At a glance
The dynamic 51-year-old Philadelphian must mean Golden Treasures – and that release even factored in a little added guitar.
But sandwich between that and this new ‘un there was also the worth seeking out Enchanted involving two UK scene players and regular fixtures on marlbank in recent years, the erstwhile punk jazzer in his WorldService Project days the owl-ish Conor Chaplin and Tom Ollendorff who as part of the Fab 4 can be heard at the Vortex in early-2025 in the band of the pianist-singer Fabienne Ambuehl.
Ravi Coltrane pianist Gadi Lehavi excels
Pianist Gadi Lehavi is excellent setting the scene well on both opening tracks.
Hoenig’s tune ‘Nominor’ is one of the best of the tom rattler’s tunes.
Lehavi is meaningfully tender on another fine composition, the ballad ‘Alone’ which is certainly yet another strong suit of Tea for Three issued under the livery of the Barcelona jazz indie Fresh Sound New Talent.

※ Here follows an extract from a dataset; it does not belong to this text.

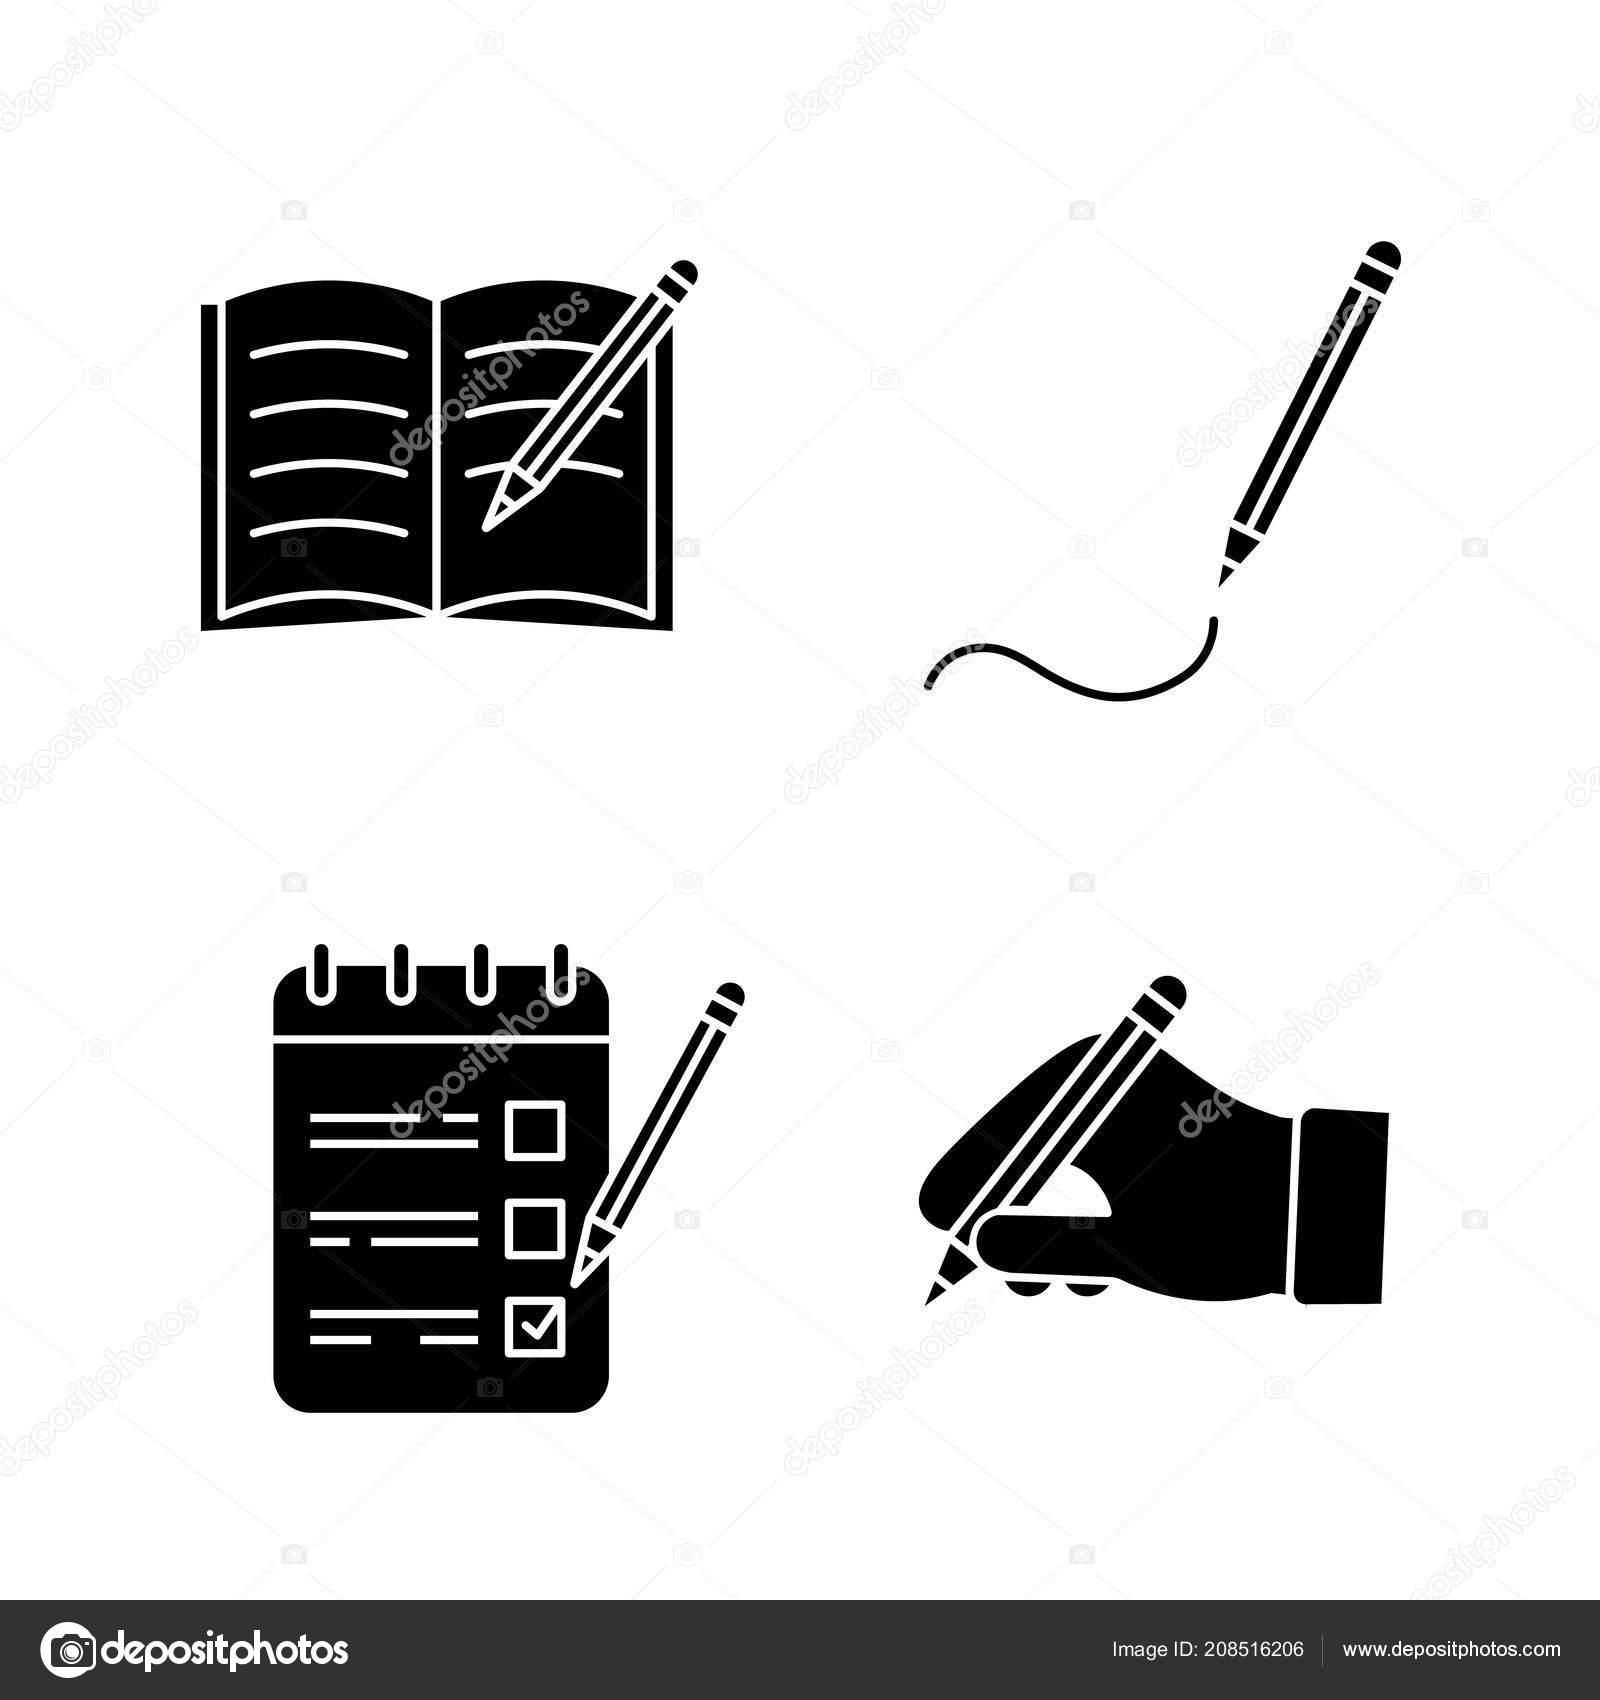 Psani Sady Ikony Glyfu Tuzka Kopirovani Knihy Kresba Seznam Ukolu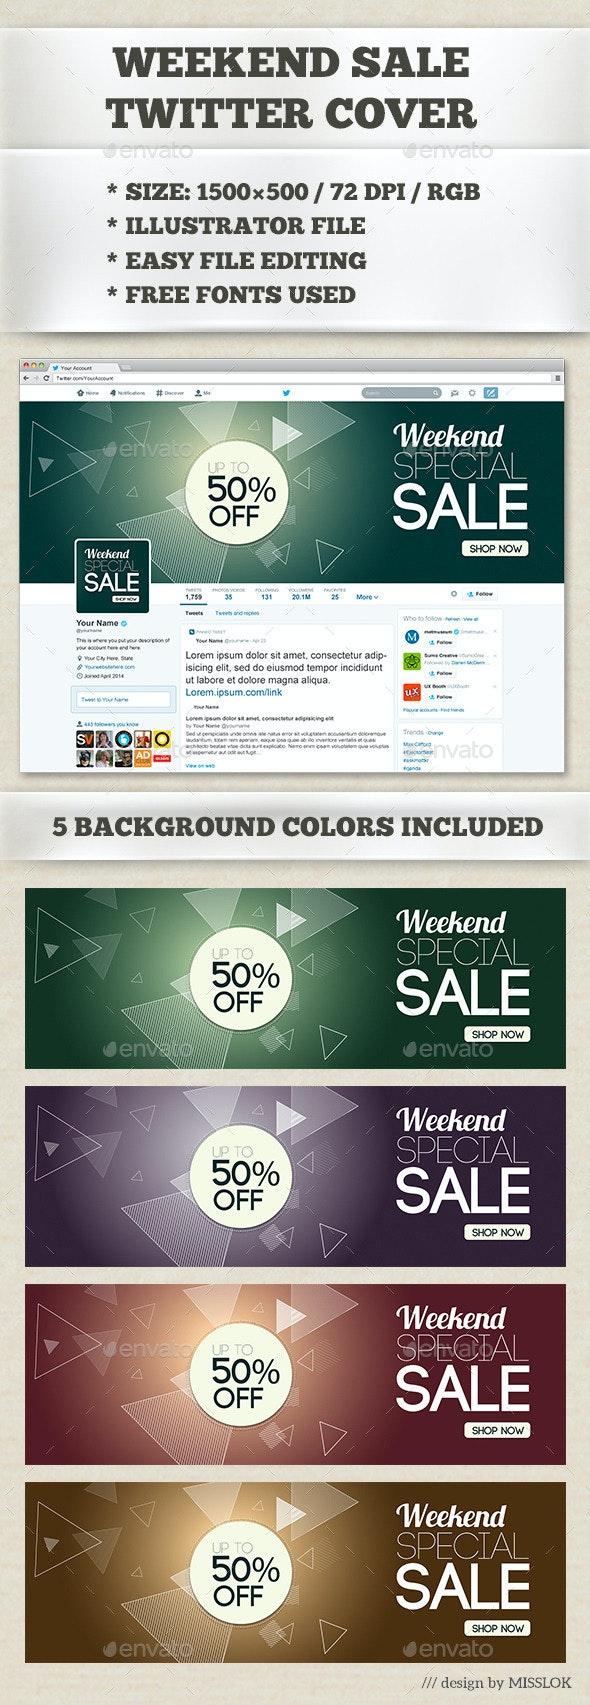 Weekend Sale Twitter Cover - Twitter Social Media

The pianist inevitably given how ubiquitous an influence Brad Mehldau is, yup – fancy that – Mehldau-like at the beginning of the treatment of ‘You Stepped out of a Dream’ the standard that derives from the MGM musical Ziegfeld Girl and sung by crooner Tony Martin in the 40s.
Martin would much later in his career play a disastrous gig – interestingly recounted in the Uncle Paul’s Jazz Closet podcast – with Paul Motian, not an obvious drummer for a cheesy crooner AT ALL.
Motian-like cool
Hoenig is sometimes a Motian-like drummer on some tracks so that’s a neat and apt link perhaps on some passages. He also makes me think of the sound of the Northern Irish drummer David Lyttle a tad.
We’ll give Hoenig’s own crooning a wide berth. But beyond excusable indulgence everything else here is absolutely fine and dandy.
Overall it’s a more than decent album that showcases the pianist as much as the drummer. Of course the bassist ain’t too shabby either but really it’s Lehavi’s sound that wins the day geed up by the ever game Hoenig who rouses the trio time and again.
An all-round win
I don’t even like the Vincent Youmans 1920s melody ‘Tea for Two’ but the treatment here may even make me for one revise my opinion of that ever grating melody somehow recalibrated to factor out a surfeit of cheese. There’s too much here to go into but suffice to say three proves as ever a magic number. The piano trio format YET AGAIN proves it is the premier small group vehicle in contemporary jazz that keeps reviving itself on albums such as this unassuming but cherishable release.